When you are no longer driving toward a single variable and discover that if you want to work on malaria you have to work on roads, water and education, and in cooperation with or overcoming opposition from people in places and roles you never anticipated, when your assumption that churches in Mozambique would have locks on the doors and cupboards that could keep nets safe is just the latest assumption that has proven false... and a host of other things like that where your proven, hard headed, driving approach is actually the last thing a situation needs, and even your friends and allies are taking turns slapping you around for your latest brilliant but overly aggressive move that didn't take existing relationships into account (this happened last night, actually).
then you can at least recognize another new fool walking in the door.
Posted by: kevindoylejones | October 06, 2007 at 12:18 PM
Yes, Kevin, thank you. This is the kind of conversation that the field needs. I hope you will share more about not only what you are learning, but about your evolving sense of what the field is, what is at stake, what the true models are. I am reading a book by Martha Nussbaum, a classicist, The Therapies of Desire, about Hellenistic philosophy as a healing discipline. Very helpful and on point. But we are creating this new discipline from bits and pieces of old ones. Can you share what you have found helpful as a model, or way of framing the role you play vis a vis your "clients" or whatever you call them?
Posted by: Phil | October 06, 2007 at 01:24 PM
It's not in the personal level we've been talking, but Phil, one thing we are doing is creating a map of the social capital market, a place to add coherence for the players.
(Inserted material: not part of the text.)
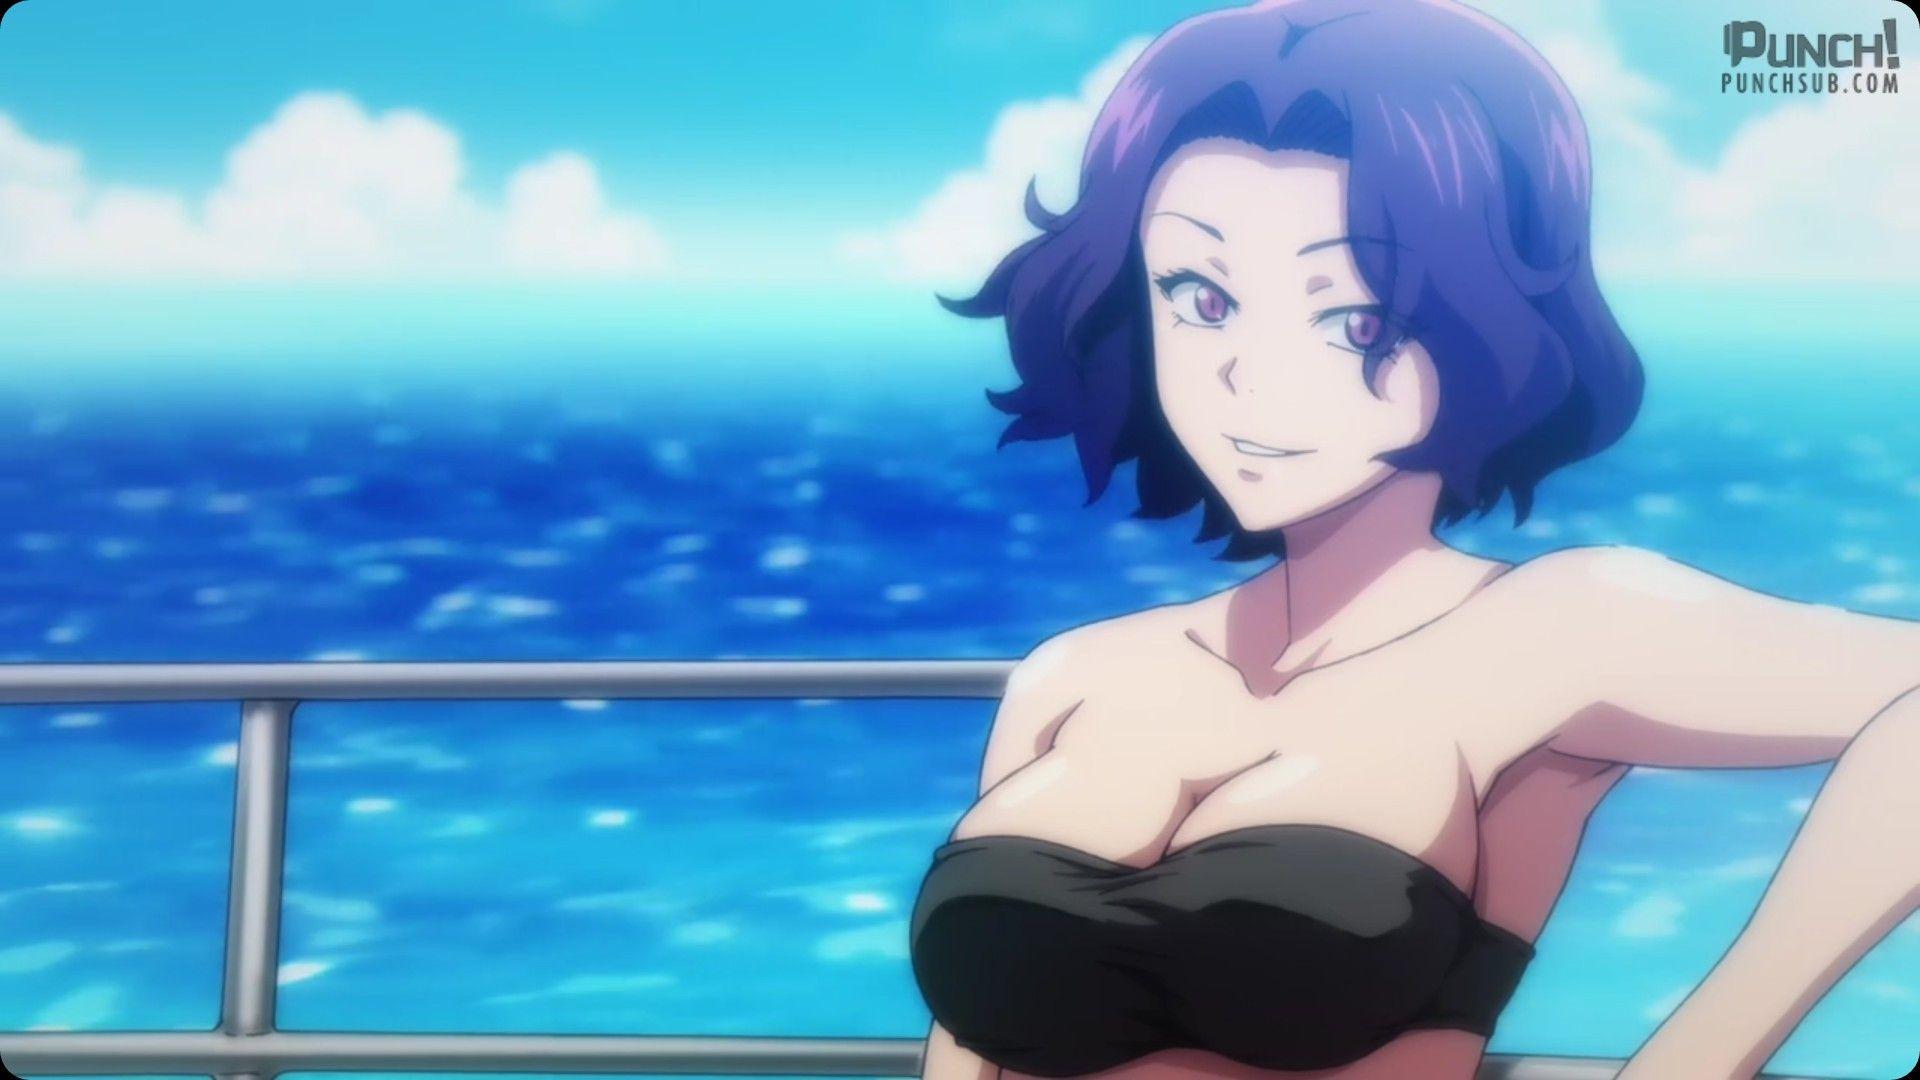 Azusa 3 Devushki Iz Anime Okean Anime

We've got a little bit (not much) money to put into it and it has a five part taxonomy; producers (funds and syndicators) products (funds and the enterprises (non profit and for profit) they invest in) order providers (rating agencies like b lab, fourth sector, analysts, those creating taxonomies and maps) exchanges (like the social capital market in the UK and others that are emerging) and Story (those that provide context, make sense of this movement).
So basically, when you asked how I'm viewing my role with the people we are working with, I changed the subject. Not very adroitly, I admit. I guess when I do think about that, I just consider myself a fellow traveller. My experience has been in helping emerging markets form. This is a market where entering it subtly but insistently, turns you into something new that you would not quite have recognized before, but that, is also something the people drawn to it want in a deep way that's hard to express. Katherine Fulton said we are acting our way into a new way of thinking. I think she's right about that.
Broadly, I think a new myth of capital is emerging, dethroning the Gospel of Wealth dichotomy foisted on us by Andrew Carnegie and other robber barons. The market is not a force of nature. The market is part of nature, and has to be responsible for its impact. And we all are discovering that we have to think about our impact in new ways, with feedback from Iraq to the arctic melt, to children who die needlessly of poverty related causes every three seconds, to the spiraling wealth disparities in the U.S.
Plus, I have grandchildren now. So my time horizon has shifted.
Posted by: Kevin Jones | October 06, 2007 at 01:42 PM
Thanks. Where does Katherine Fulton says the things you have attributed to her? I know here work but don't recall those sayings, and would like to pursue them. We are all feeling our way into a new world. Your comments show that you have been around people in that awkward moment when their old way of being in the world begins to give way to a new one. I keep wondering how to help more people explore that, or "act their way into a new understanding."